= Ostrich farming in the Philippines =

The business of ostrich farming in the Philippines began in the Philippines in 1996. It was started by Lorenzo U. Limketkai, an engineer, and his son Heintje Limketkai. Heintje Limketkai took a month-long training course on ostrich farming in Australia. After that training, the Limketkais established their ostrich farming business and named it as the Philippine Ostrich and Crocodile Farms, Inc., becoming the first combined ostrich and crocodile farm in the country.

== History ==
Their ostrich farm was opened in Barangay Malanang, Opol, Misamis Oriental. They bought their first three pairs of breeding ostriches from Australia in July 1996. The first ostrich egg that was laid on August 30, 1996, but the hatching failed. After improvements were made to the facilities and to the egg-handling techniques, a live ostrich chick hatched for the first time in February 1997. Afterwards, the Limketkais bought two additional groups of breeding ostriches from Texas, United States. The business later opened its facilities "to the public for supervised tours".

The first ostrich, as a product, was harvested and prepared as meat for fine dining restaurants on December 23, 1997, under the Big Bird Ostrich Meat brand. After that, thirty ostriches were routinely harvested on a monthly basis for supermarkets and deli shops.

One adult ostrich can provide around 100 kilos of red meat, which can be sold for 400–500 pesos (US$8–11 as of January 2014) per kilo. Ostrich eggs, skin and feathers had also been sold to the market. Ostrich feathers are used to produce feather dusters and as decorations, while ostrich skin is used to produce leather. Eggs cost 500 pesos (US$11) apiece, providing to one ostrich farming business an annual income of 50,000 pesos (US$1,100) per adult female, because a mother ostrich can lay about 100 eggs annually.

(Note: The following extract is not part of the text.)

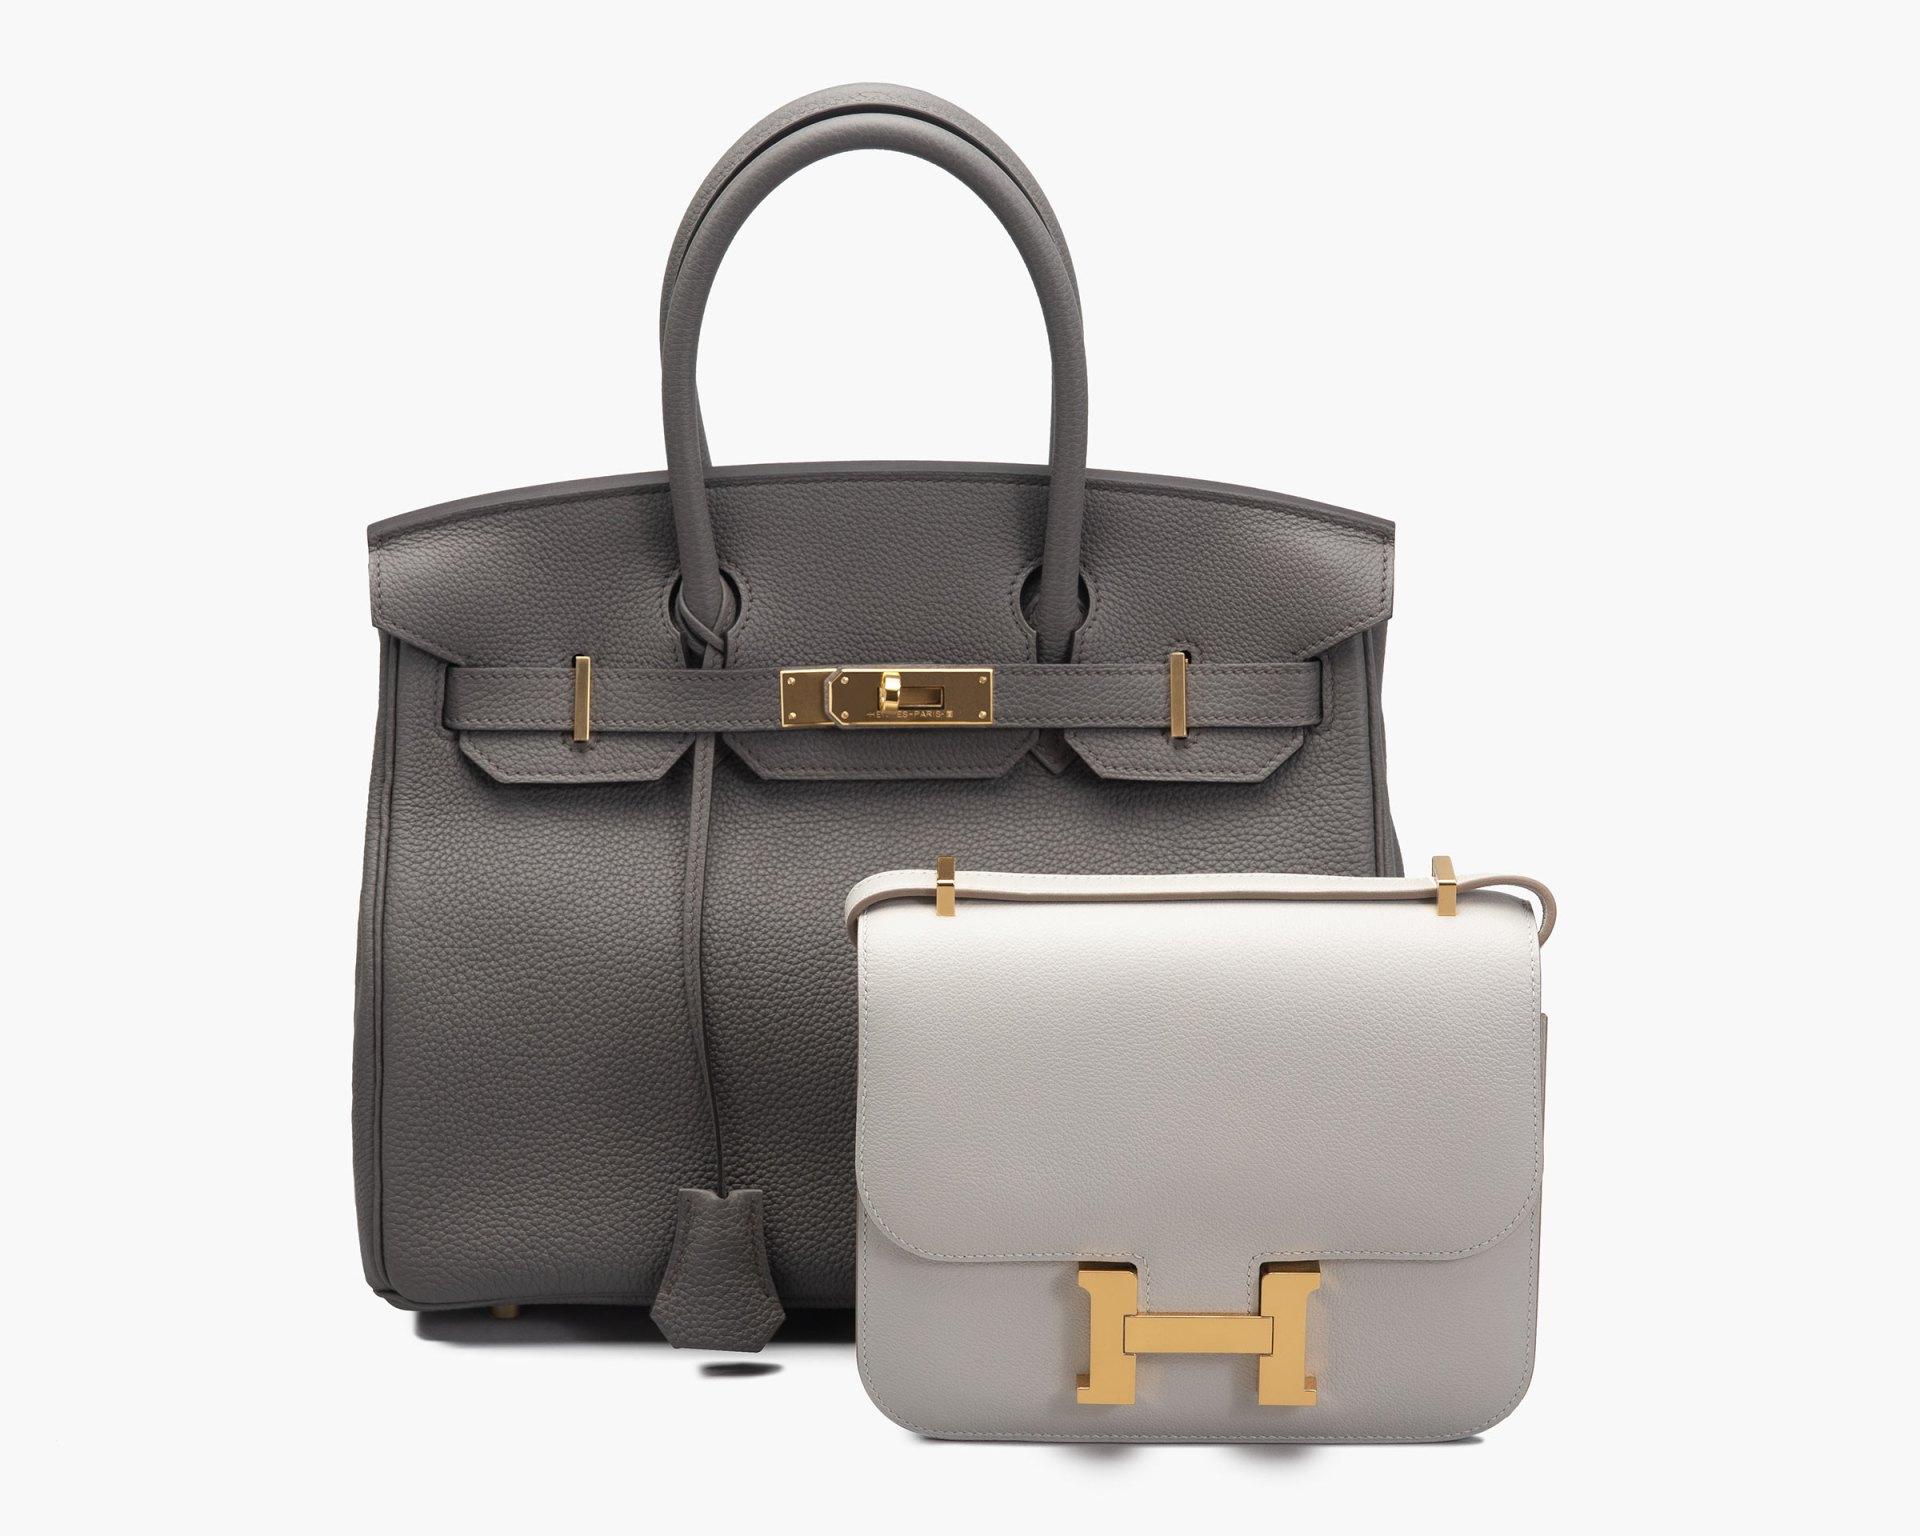 Studio image of Hermes Birkin bag and Clemence bag Grey FASHIONPHILE

After the establishment of the Philippine Ostrich and Crocodile Farms, Inc., the "first and biggest ostrich farm in the Philippines", other ostrich farming businesses were later established in the Philippines, in the regions of Luzon, Visayas, and Mindanao. These include the Gross Ostrich Farm in Nueva Ecija owned by Michael Gross and the Davao Crocodile Park (as the name implies, this farm also has a crocodile farm) in the Davao Region of Mindanao. There is also an ostrich farm in the village of Sta. Monica in San Luis, Pampanga in Luzon.

The ostrich breeding season in the Philippines is from February to October. The Department of Agriculture of the Philippines promoted ostrich farming in response to the world food crisis of 2007–08, as well as an ecotourism and agritourism project.